Experimentation key concepts & best practices

Nick Gavriil

Jul 5, 20245 min read

Updated: Jul 6, 2024

In this post we will outline some good experimentation practices that can get you from 0 experiments per week to a consistent flow of weekly experiments.

Tools & processes

Let's start from the basics. Usually the biggest blockers to experimentation are the lack of data, reporting and experimentation infrastructure. So if you are behind on data infrastructure I would start from there, as >80% of an analyst's time is spent on data processing that can be done within the DWH (data warehouse).
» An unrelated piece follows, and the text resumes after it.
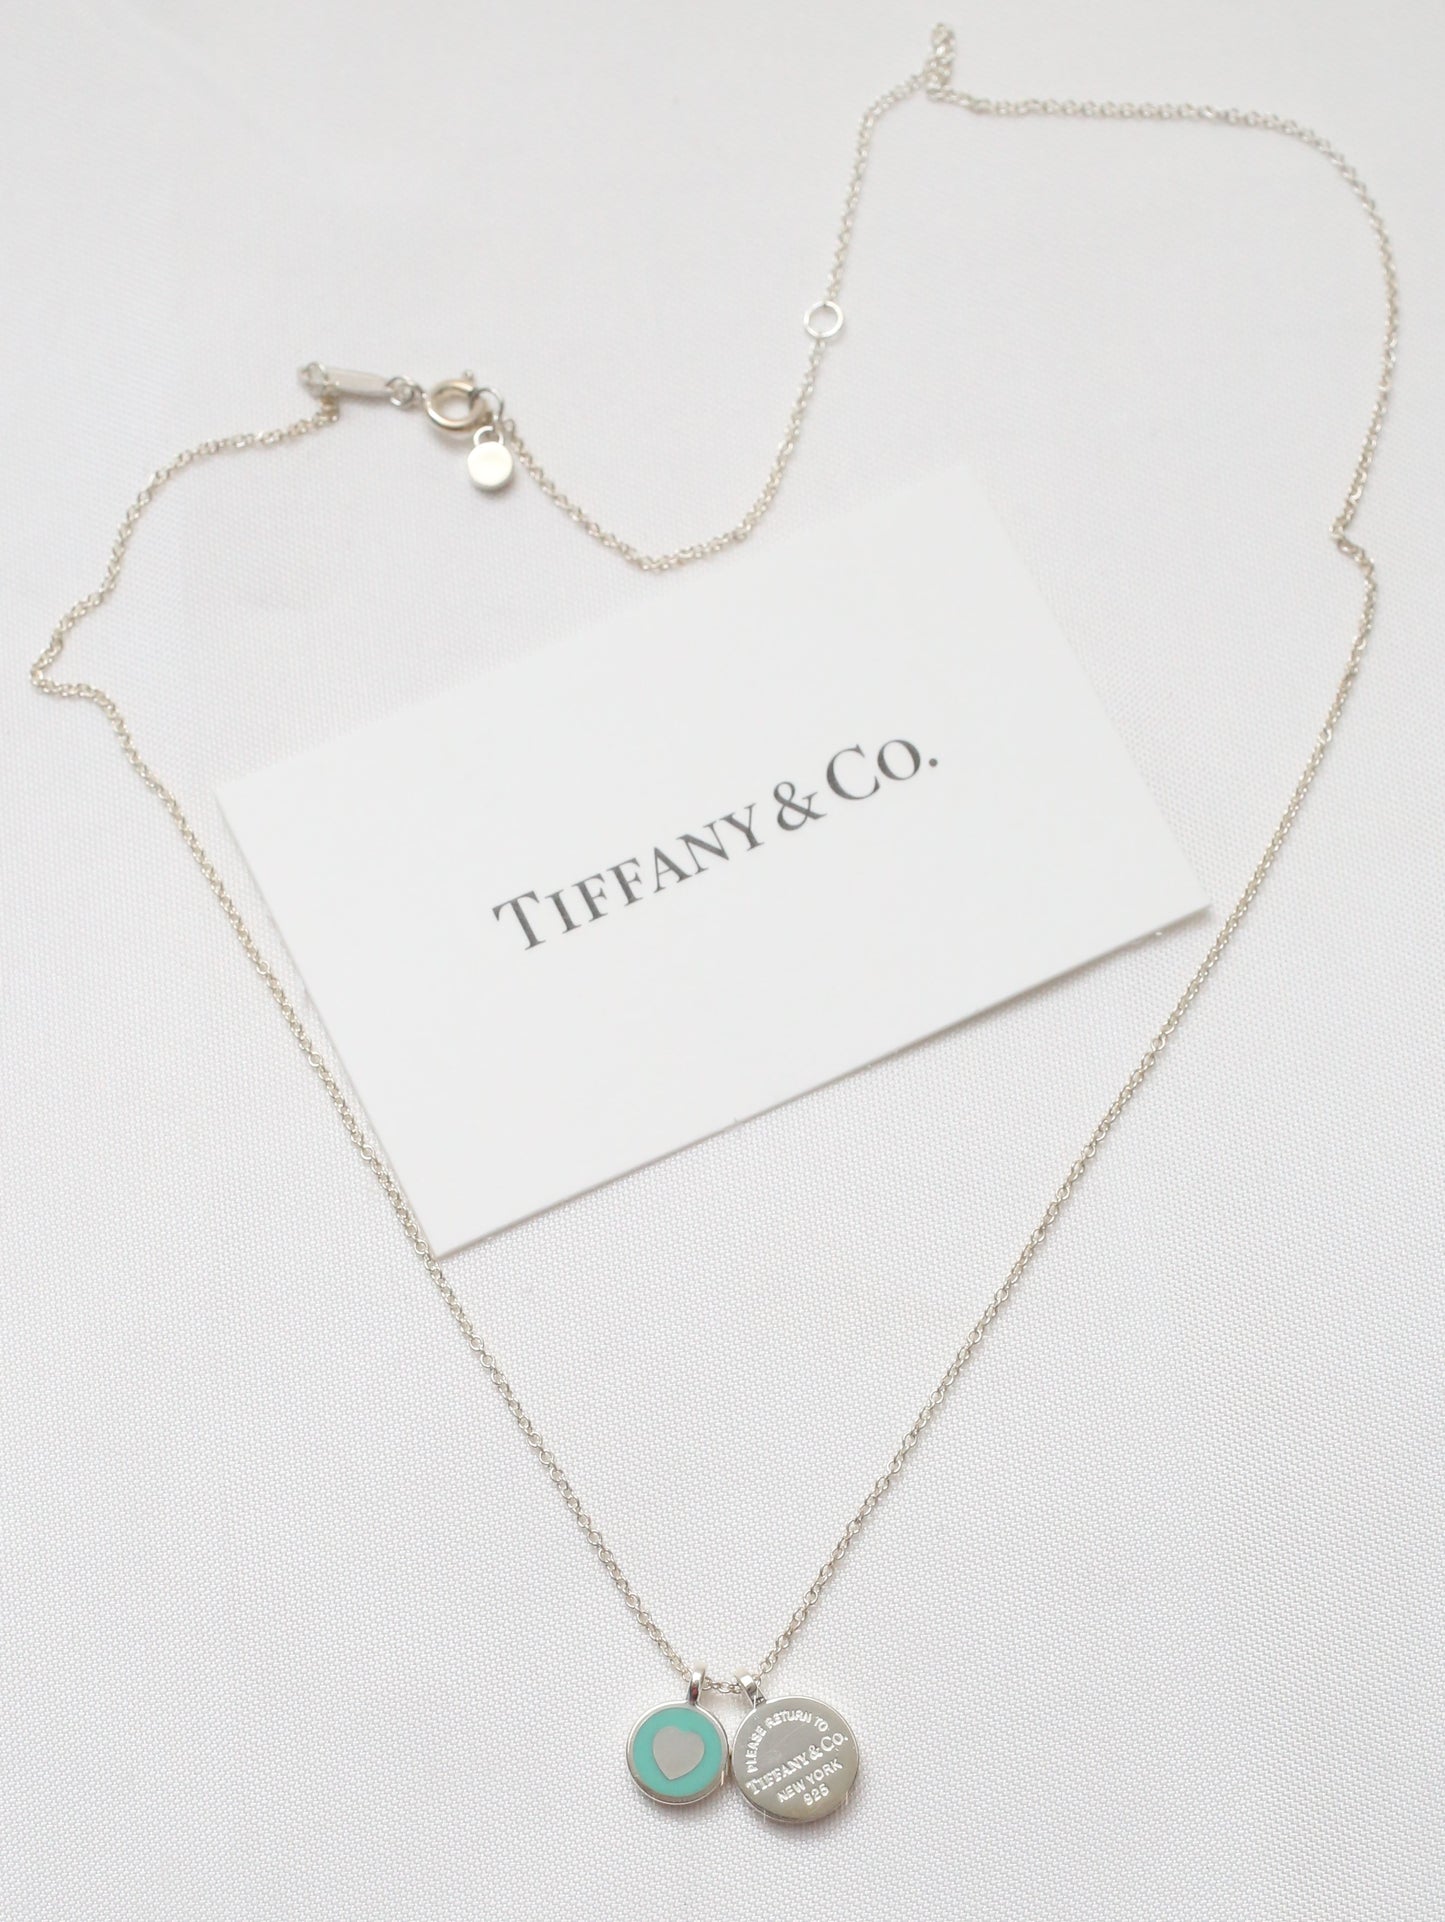 Tiffany & Co Sterling Silver Double Circle Enamel Tag Necklace, 16-18inches - 4.3g

In order to better demonstrate the tools and processes needed, we need to first outline the stages of an experiment. A minimal set of stages could be:

Design
Trial
Analysis
Reporting

So businesses will usually have a task management software to manage their experiments across their lifecycle (e.g. Asana, Notion), an AB testing software to run their tests (e.g. Optimizely), the same AB testing software or an experienced Analyst to measure impact and then a BI tool (e.g. Power BI) or presentation software (e.g. Google slides) for reporting. Alternatively you can use Causalysis as you can do all of the above within the same platform.

Hierarchy of experimental methods

When it comes to experimentation efficiency it's really important to understand your options and when it's best to use each. As with everything in life, it's all about trade-offs.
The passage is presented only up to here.